§ **WHAT THE EXERCISE ASKS**
Taking the data below, please print only the lines from the line holding "Kichler deryn függőlámpa, 5" to the line holding "DOKUMENTATION AF SYGEPLEJE", inclusive, with pictures omitted.

§ **SUPPLIED RECORDS**
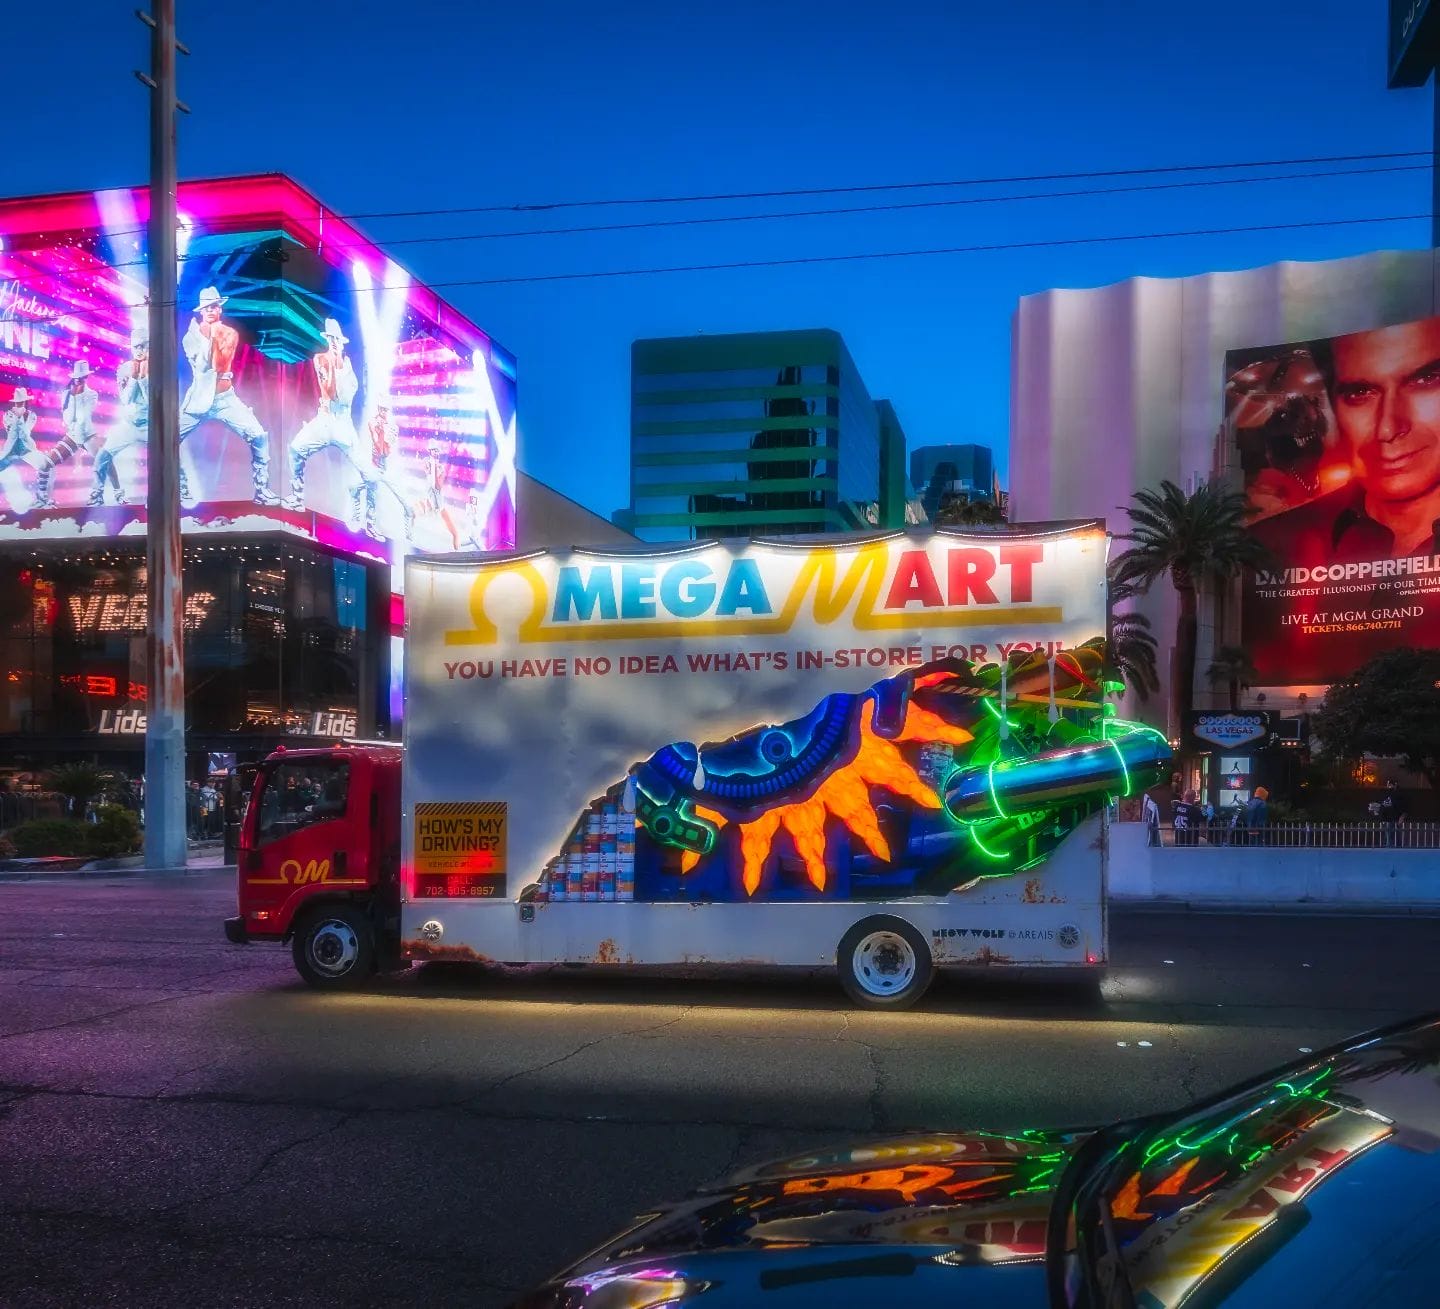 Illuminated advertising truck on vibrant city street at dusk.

...

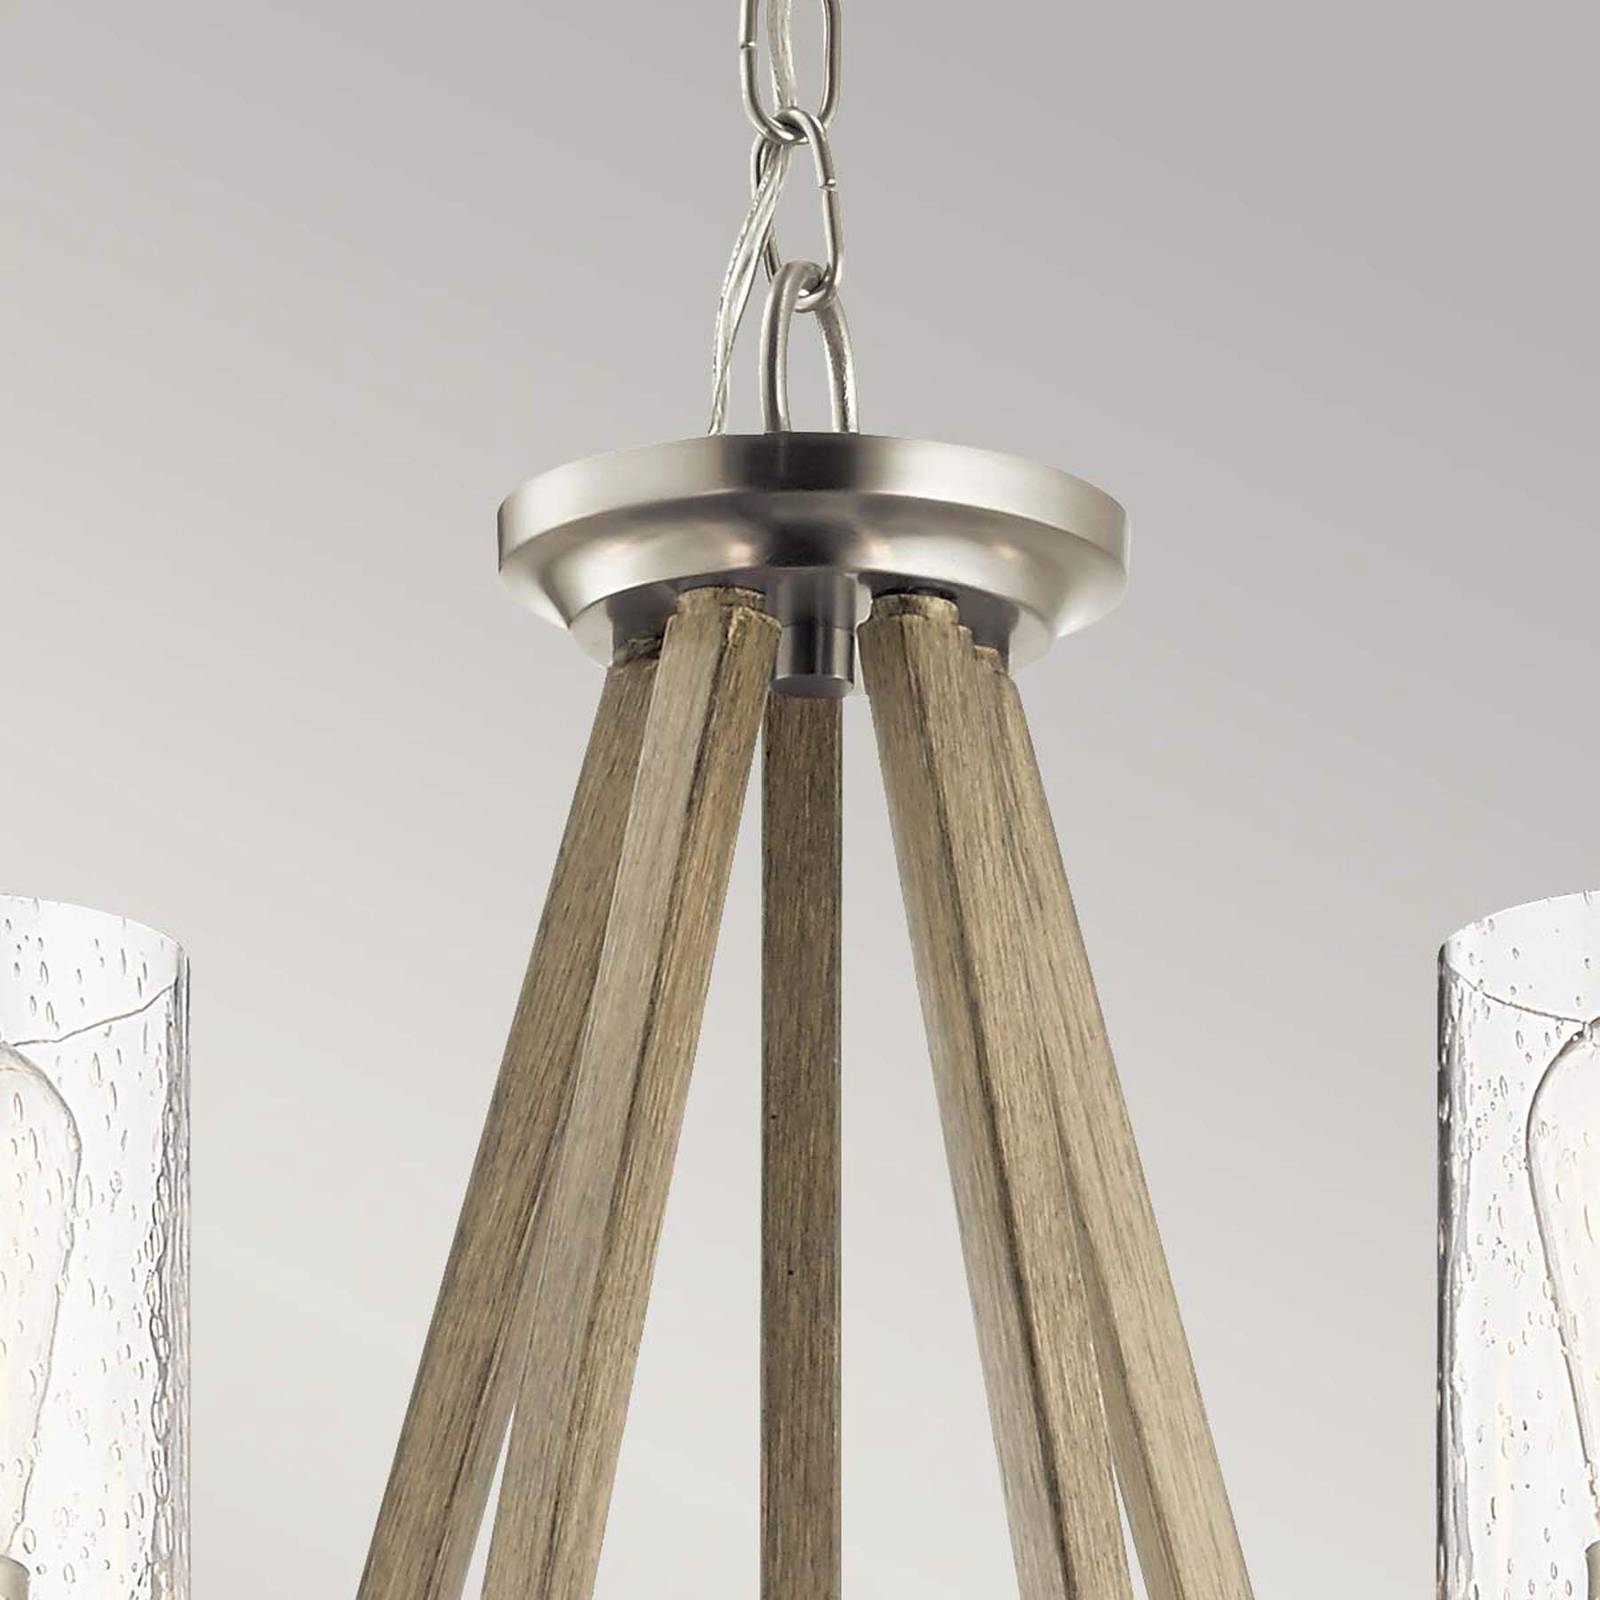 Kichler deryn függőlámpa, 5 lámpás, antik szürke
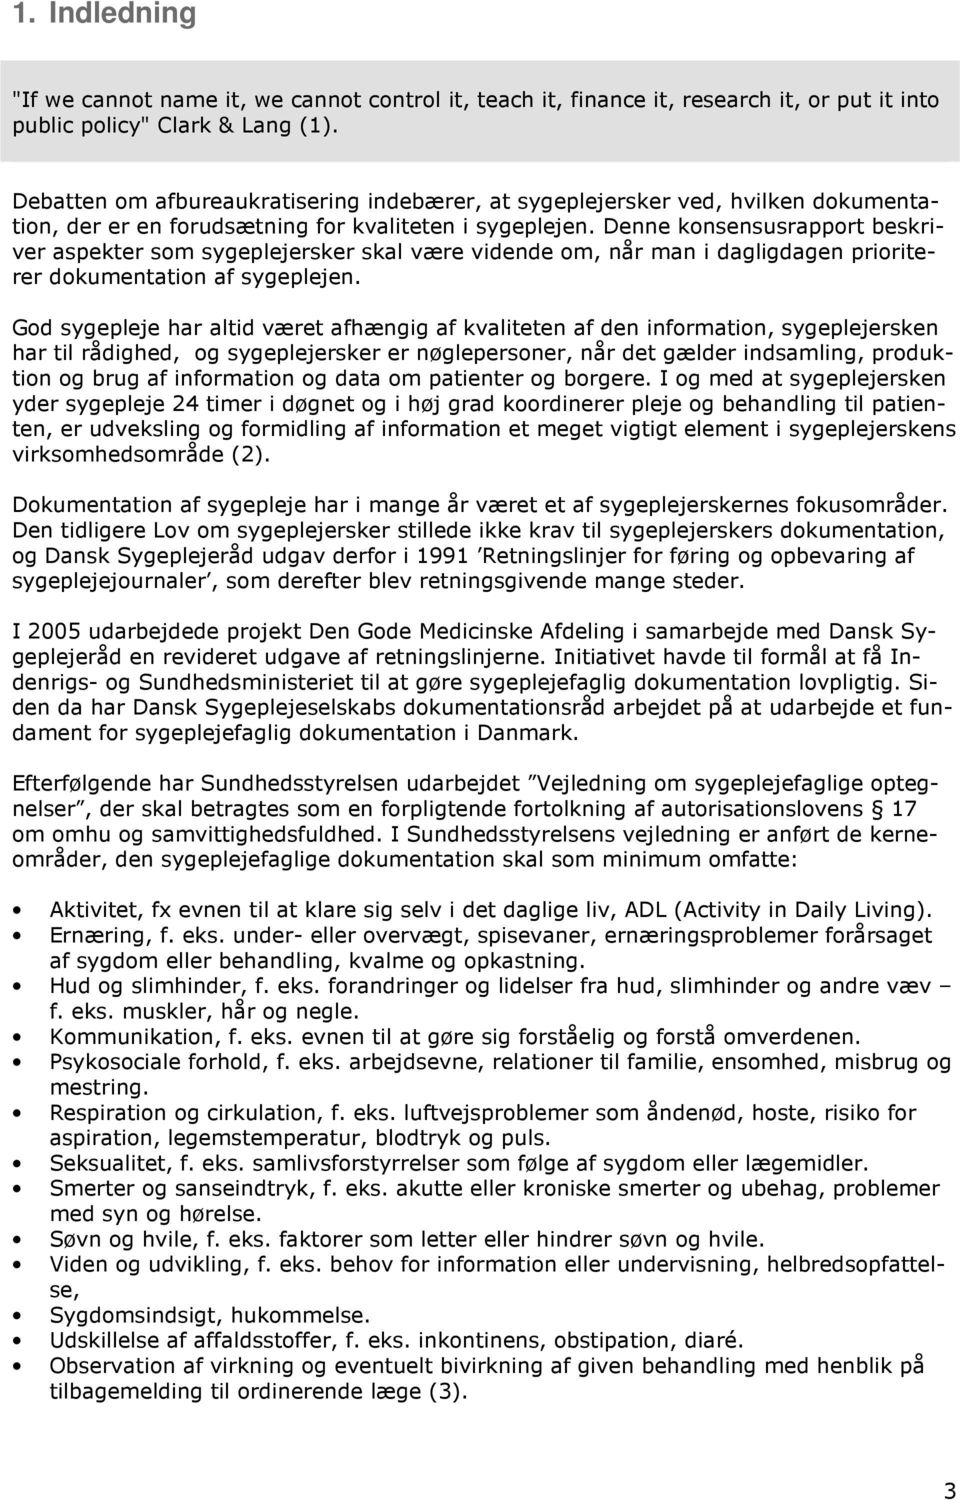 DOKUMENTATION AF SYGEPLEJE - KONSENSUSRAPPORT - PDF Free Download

---

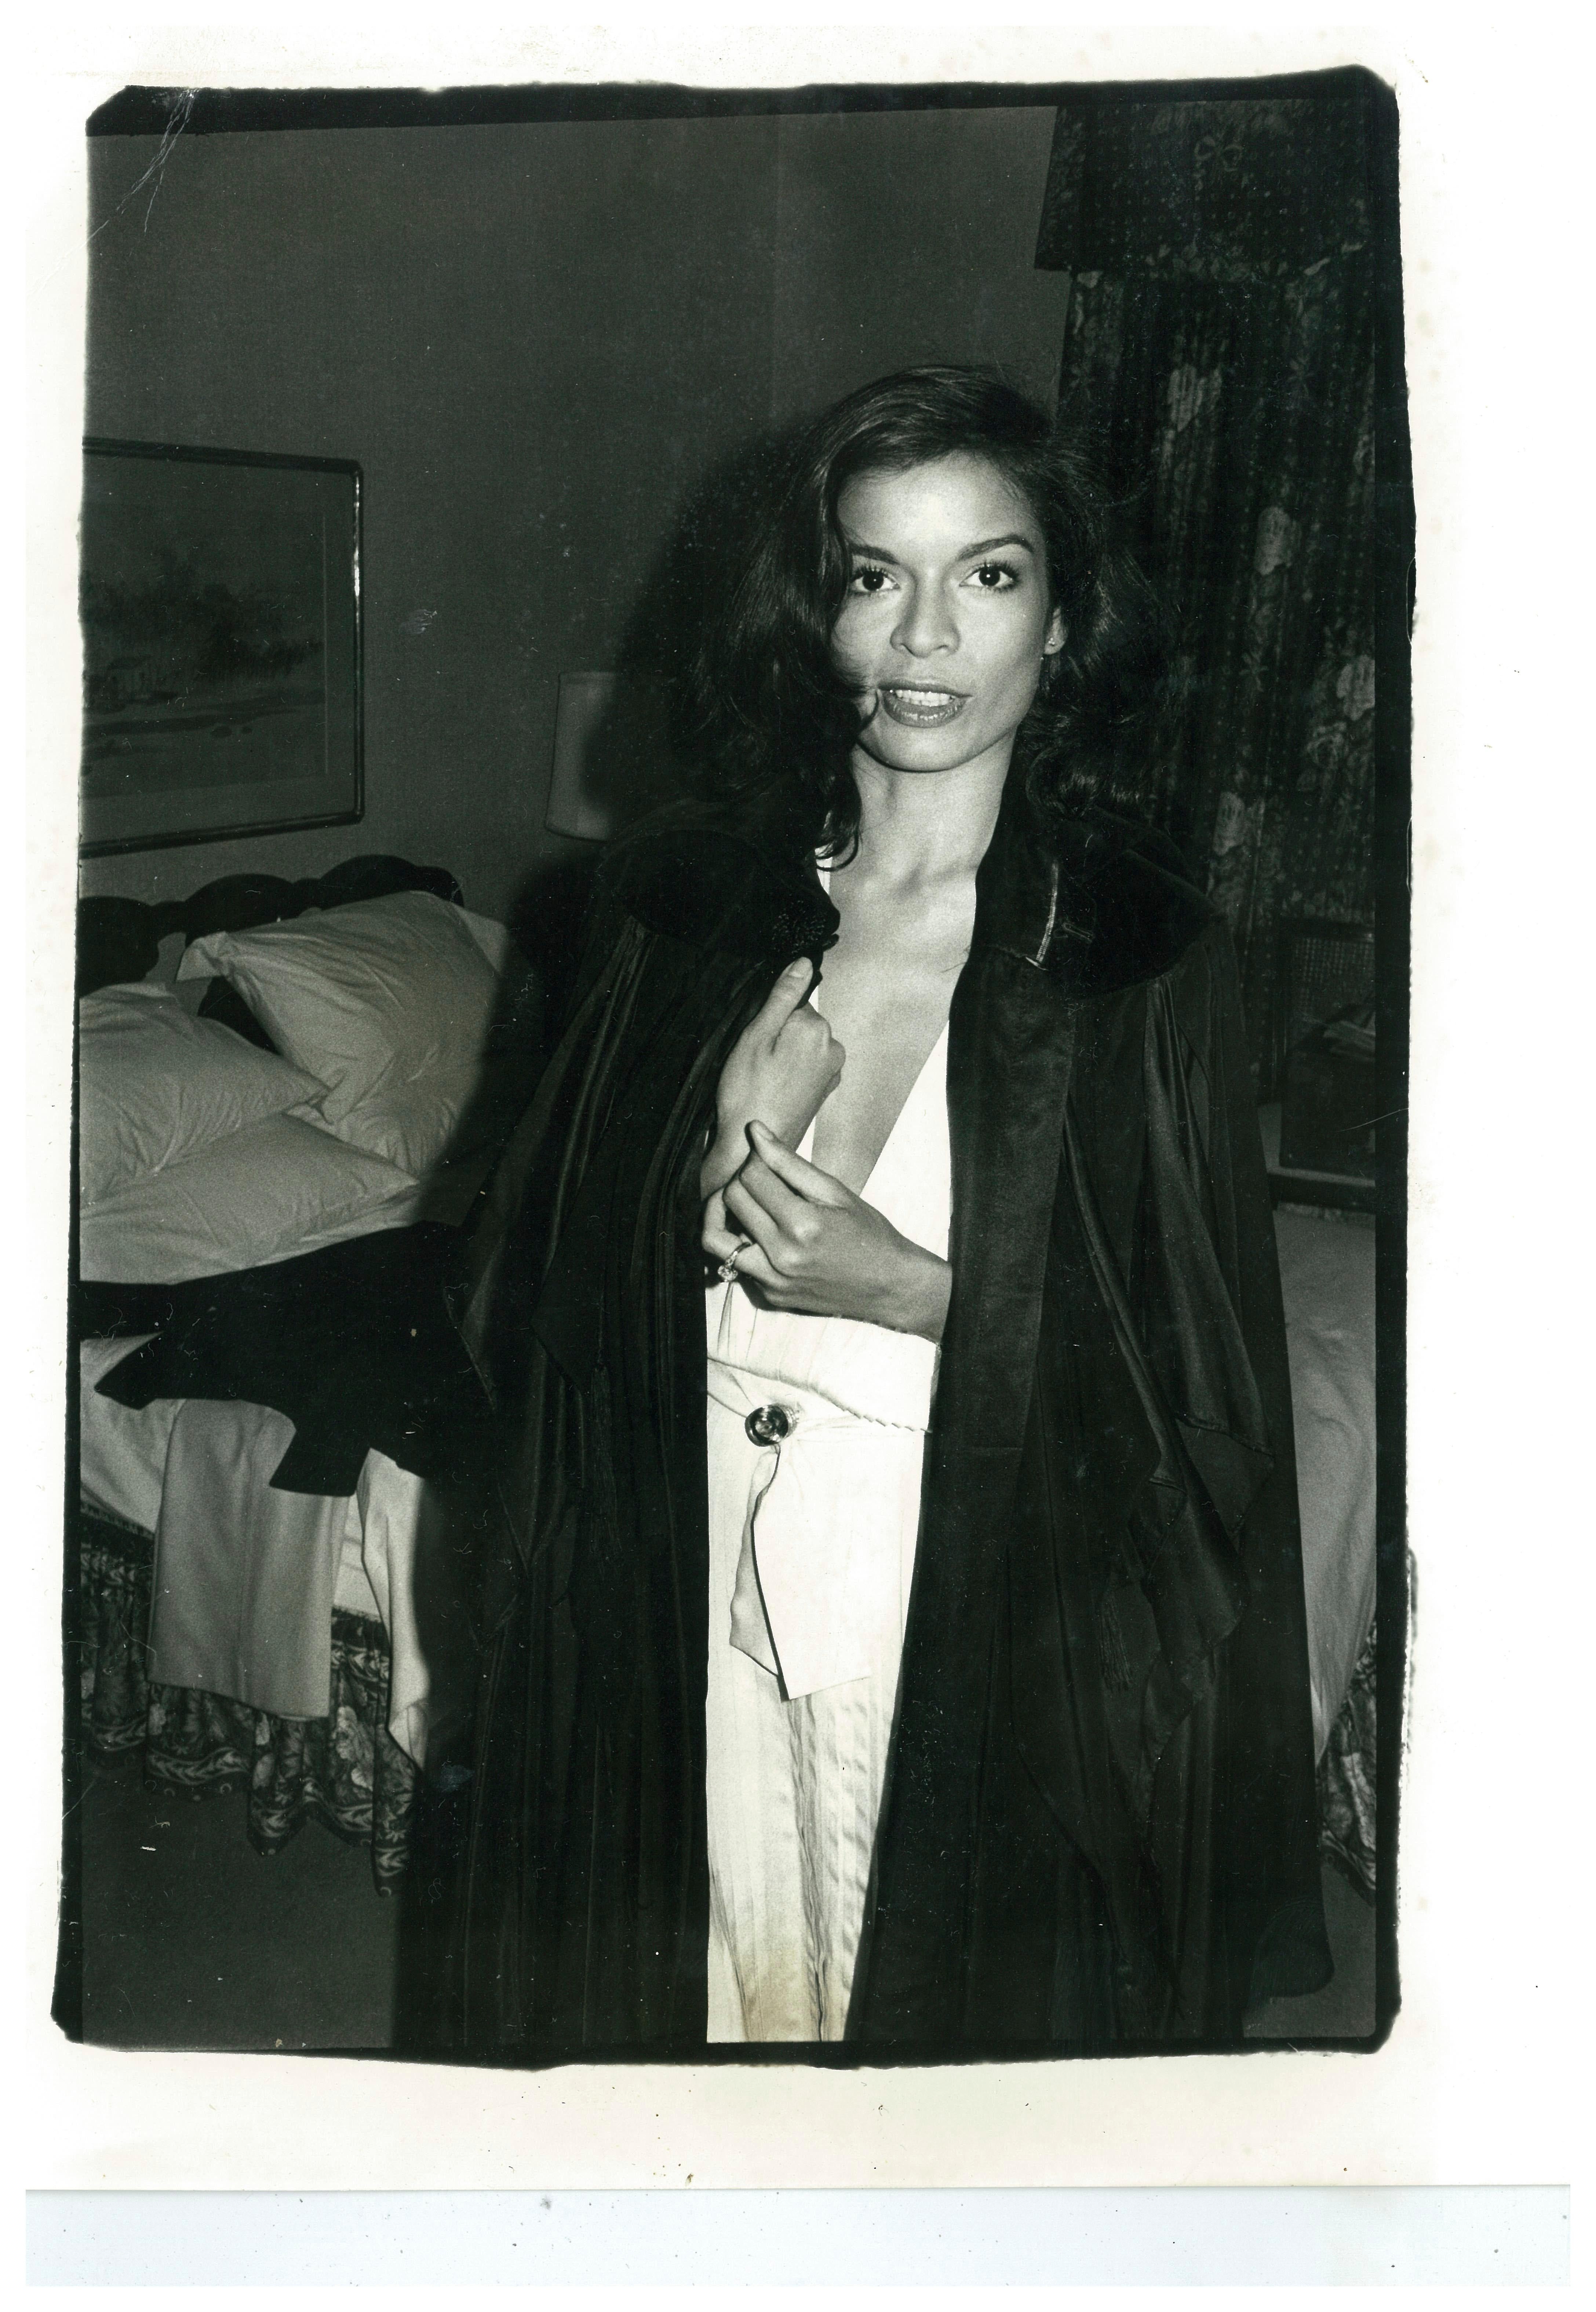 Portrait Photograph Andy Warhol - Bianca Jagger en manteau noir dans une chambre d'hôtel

§ **SOLUTION TO THIS TASK**
 Kichler deryn függőlámpa, 5 lámpás, antik szürke
 DOKUMENTATION AF SYGEPLEJE - KONSENSUSRAPPORT - PDF Free Download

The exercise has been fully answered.